If you have been reading my blog for any length of time, you have heard this before. Medicare’s claim processing is ineffective. The often heard rhetoric about Medicare’s low administration cost as indicating the value of single payer is misguided.
To change this would require more expense and slower claim payments, but there are billions of dollars at stake and the health insurance Trust is running out of money.
According to a recent report from the Commonwealth Fund, more than a quarter of all Medicare beneficiaries — 15 million people — spend a staggering 20 percent or more of their income on premiums plus medical care. And, for low income beneficiaries or those with chronic conditions and functional limitations, out-of-pocket costs add up very fast putting many seniors at significant financial risk.
While most beneficiaries expect to pay legitimate out-of-pocket costs, the shared costs within the Medicare program are likely over inflated due to rampant improper billing. Each year, providers bill an extra $40 billion improperly due to simple billing mistakes — double billing, up-coding, billing for unnecessary services, or even billing for services and medications that were never provided to the patient in the first place.
Meanwhile, beneficiaries are not well equipped to be able to discern valid out-of-pocket costs from those that have been improperly billed, making them responsible to pay much more than if their bill had been accurate.
Why is this happening?
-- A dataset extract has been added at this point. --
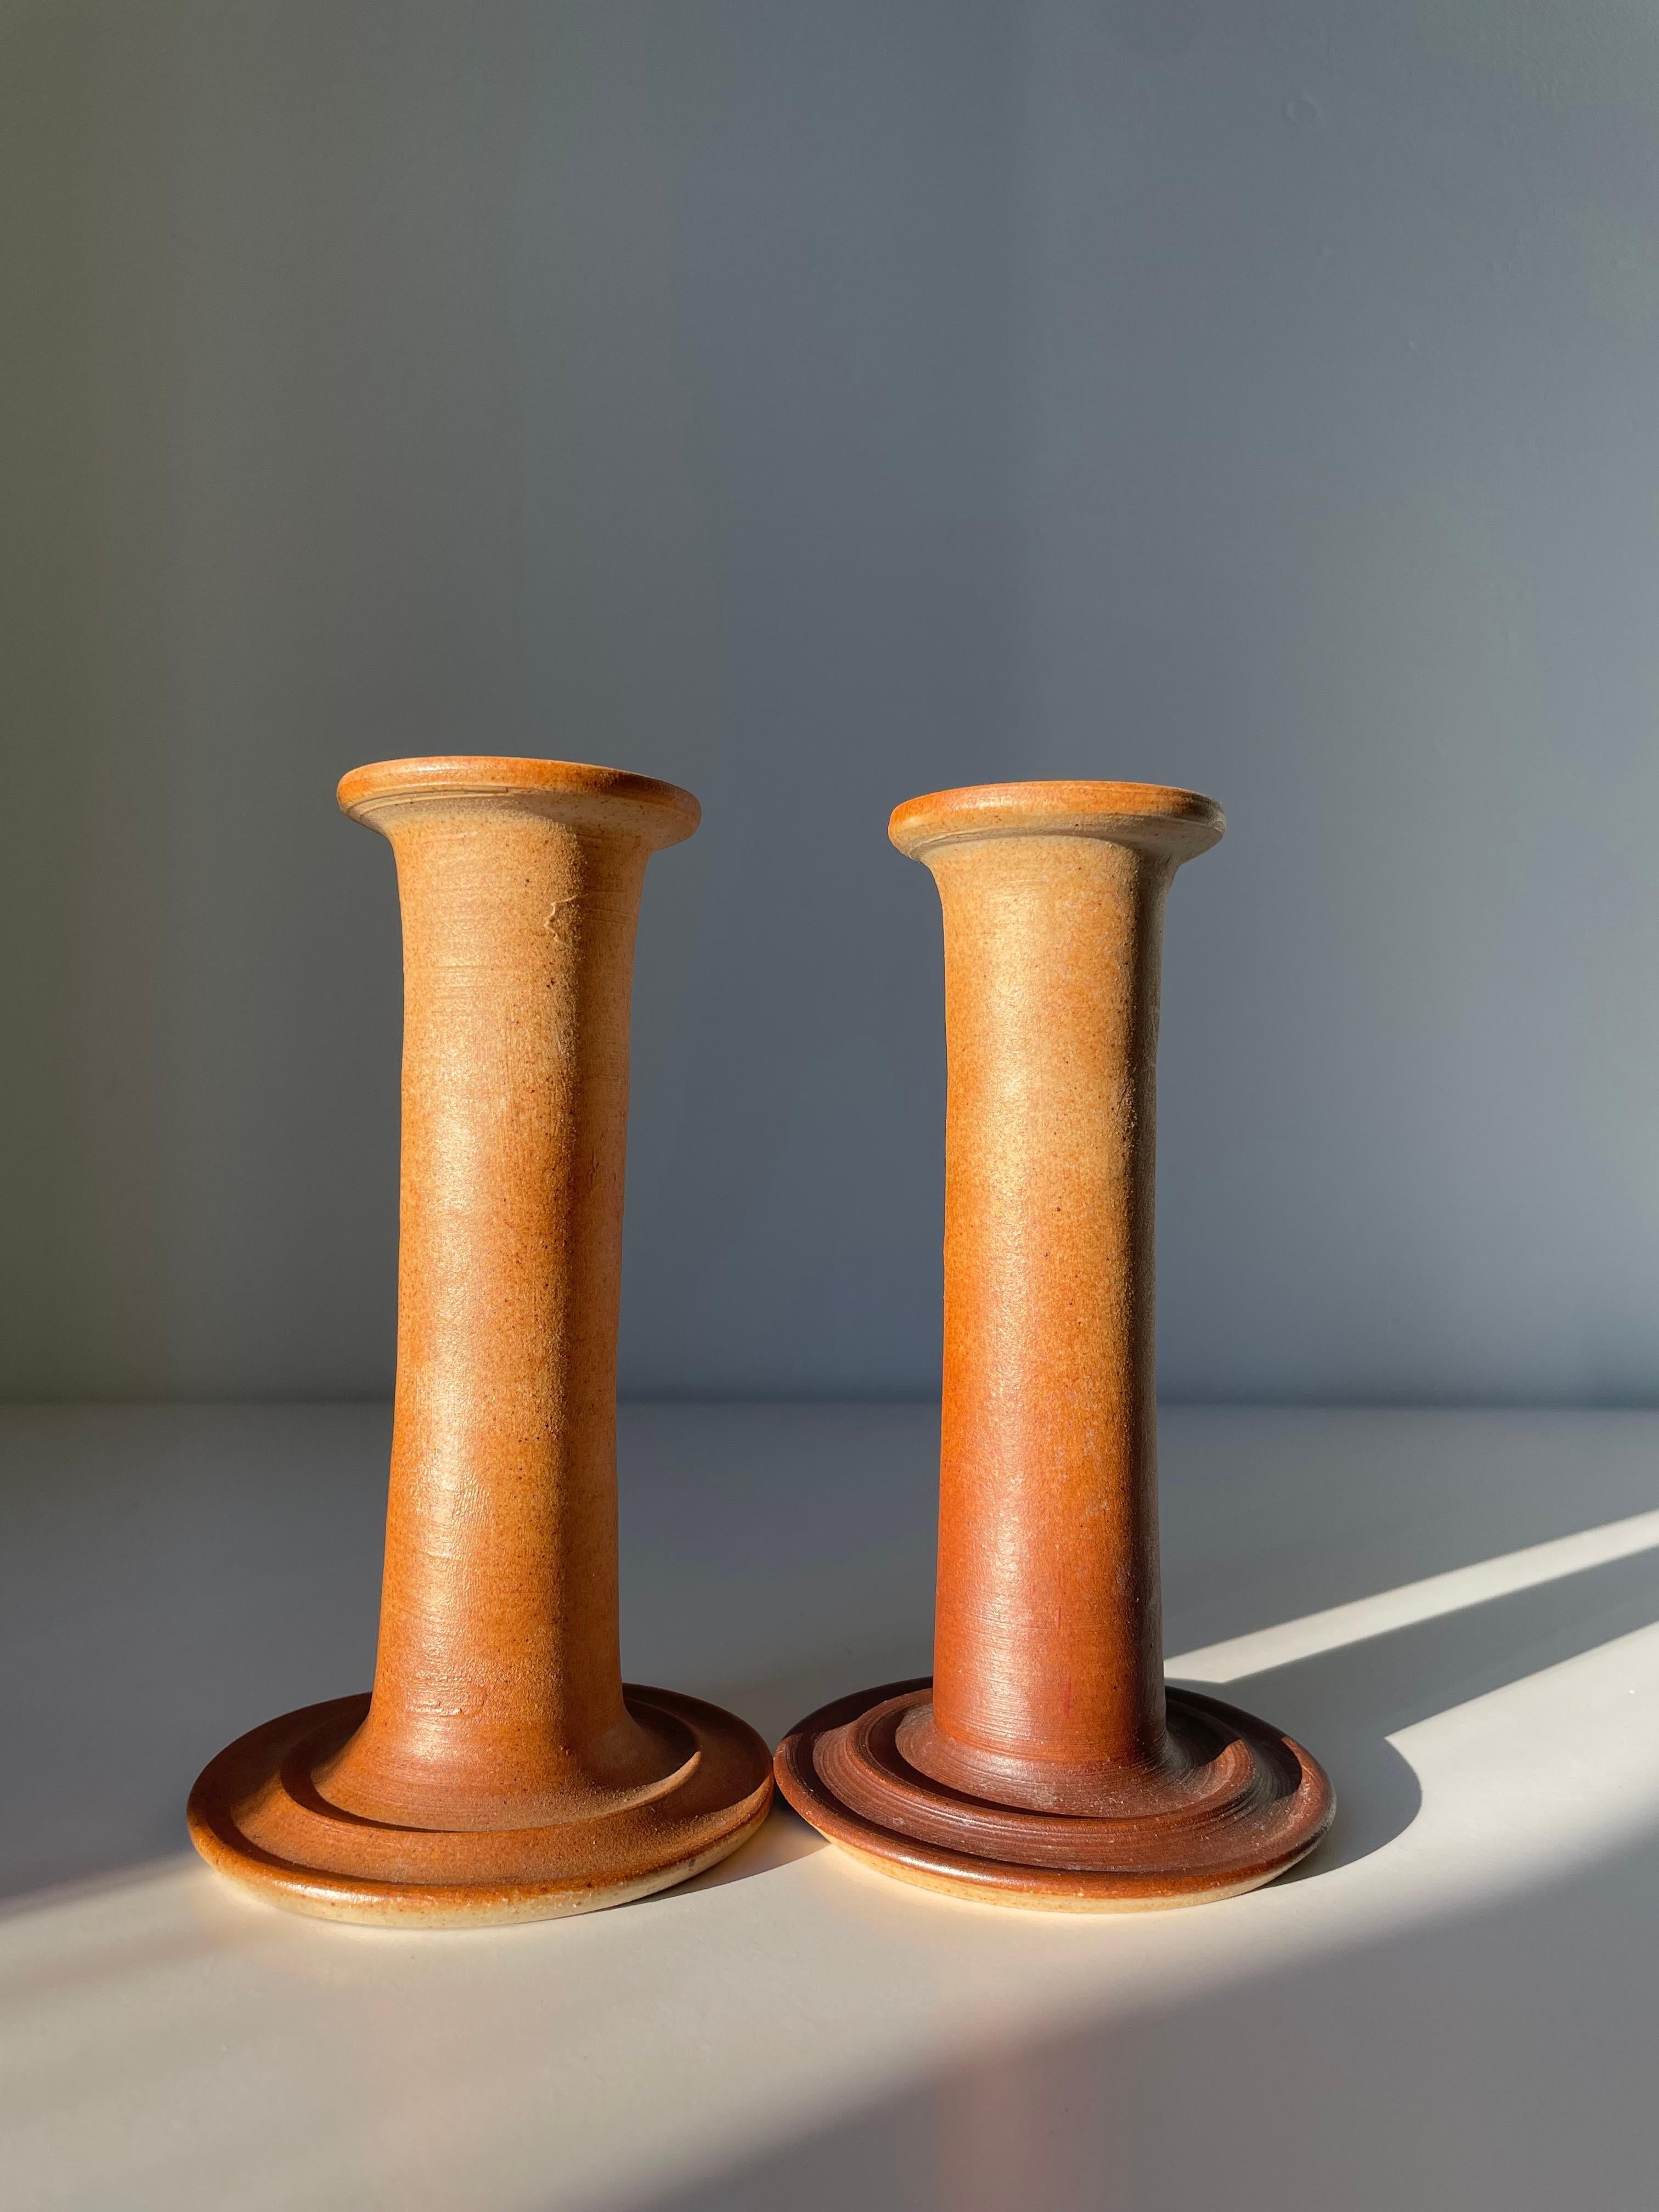 Pair of J. Packness Tawny Ceramic Candle Sticks, 1970s For Sale 4

The Centers for Medicare & Medicaid Services (CMS) currently only requires 0.5 percent of provider Medicare claims to be reviewed for billing accuracy. This means that the program approves 99.5 percent of Medicare claims submitted by providers without a review for billing accuracy, or any comparison to the patient’s actual medical record.
In contrast, the private insurance industry provides enrollees a much higher level of protection against medical billing errors, requiring that as much as 100 percent of claims be reviewed for accuracy. The lack of billing oversight within Medicare is startling and has contributed to a fiscal crisis both for the program and aging beneficiaries who expect affordable, reliable care and coverage.
Furthermore, according to the Medicare Trustees, significant budget shortfalls have caused program solvency concerns, triggering Medicare coverage cuts that will go into effect in 2029. In just 11 years, Medicare will permanently scale back Part A (hospital) coverage to 88 percent of what’s covered today – increasing the financial responsibility of Medicare beneficiaries.